Planes suck

No story today, just a rant.

Plane travel is amazing.  It allows us to travel thousands of miles, as far as halfway around the globe, in a matter of hours.  Our ancestors wouldn’t even be able to fathom such accomplishments.  Not only can we travel at over five hundred miles per hour, for a sustained period, but we are able to do so as the crow flies, surmounting all obstacles in our way.

And yet, despite this, it really, really, sucks.

How does flight lose its magic?  For centuries, man has dreamed of flight, of being able to shed his earthly shackles and take to the sky.  From Icarus to Superman, flight is one of the most common wishes.  We all dream of flight.

Despite this, I dread heading to the airport.  Why?  Let’s look at how we humans undertake the majesty of flight; let’s outline the steps of this incredible journey.

First, we’ll head to a large building in the middle of nowhere, where the air conditioning is always on high and there are never any comfortable seats.  After being segregated and sorted by monkeys dressed in uniforms, we must stand in lines.  After shuffling through these agonizingly slow lines, dragging along our belongings in canvas sacks, we are submitted to a humiliating series of poking and prodding and scanning examinations.  Our belongings are also thoroughly searched.  We must be stripped, x-rayed, and felt down by very unattractive people.

But once we’ve made it through this ordeal, the skies are ours, right?  Yes, sort of.

We are crowded and herded into a very cramped metal tube, filled with other disagreeable members of our species.  We must squeeze through too-small aisles into too-small seats, where we are basically locked into a single bent position for the duration of our flight.  Crammed shoulder to shoulder, elbow to elbow with our neighbors, whom we often have never met before, we must stare out of tiny portholes as the ground lifts away, while a tin voice blares over speakers about “attaching your own oxygen mask before helping others.”

Faced with such a dreary voyage, we are tempted to slip off into the peaceful oblivion of sleep.  Yet the wailing baby, the small child who kicks the seat, and the obese man who insists on fully reclining all band together to deny us even that simple pleasure.

Instead, we are forced to remain awake, breathing stale air and attempting to entertain ourselves with in-flight magazines of ridiculous purchasable items until we are finally set blessedly free from the confinement.

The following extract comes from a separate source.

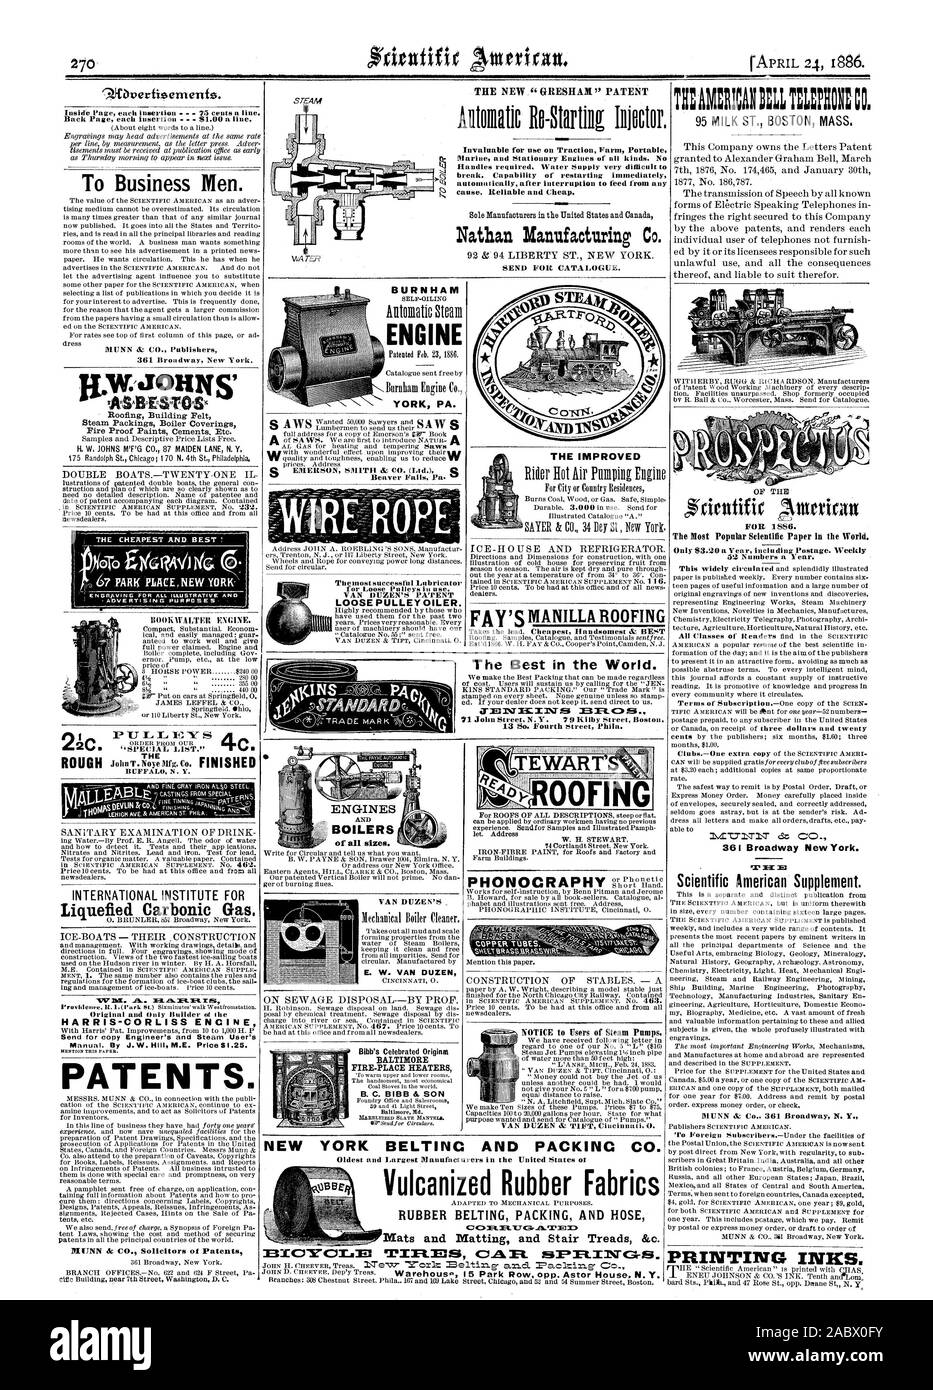 cause. Reliable and Cheap. Nathan Manufacturing Co. SEND FOR CATALOGUE. 95 MILK ST. BOSTON MASS. Steam Packings Boiler Coverings Fire Proof Paints Cements Etc. Beaver Falls Pa. Themost successful Lubricator for Loose Pulleys use. VAN DUZEN'S PATENT LOOSE PULLEY OILER. BOILERS of all sizes. VAN DUZEN'S Mechanical Boiler Cleaner. E. W. VAN DOZEN Bibb's Celebrated Originta FIRE-PLACE HEATERS THE IMPROVED TEWART' OOFIN OF THE FOR 1886. Scientific American Supplement. THE INTERNATIONAL INSTITUTE FOR WV Ill C. A Ia. AR-RIM Original and Only Builder of the HARRIS-CORLISS ENGINE Manual. By J.W. Hill M Stock Photo

When did flying become such a chore?  Build us glass planes with oversized windows, with benches and leg room instead of cramped individual seats, with bean-bag chairs, multi-person scanners hooked to supercomputers for ultra-rapid analysis, courteous personnel, and tasty, delicious, freshly cooked snacks for a very minimal fee!  Do this, and maybe flying will once again capture our dreams and imaginations.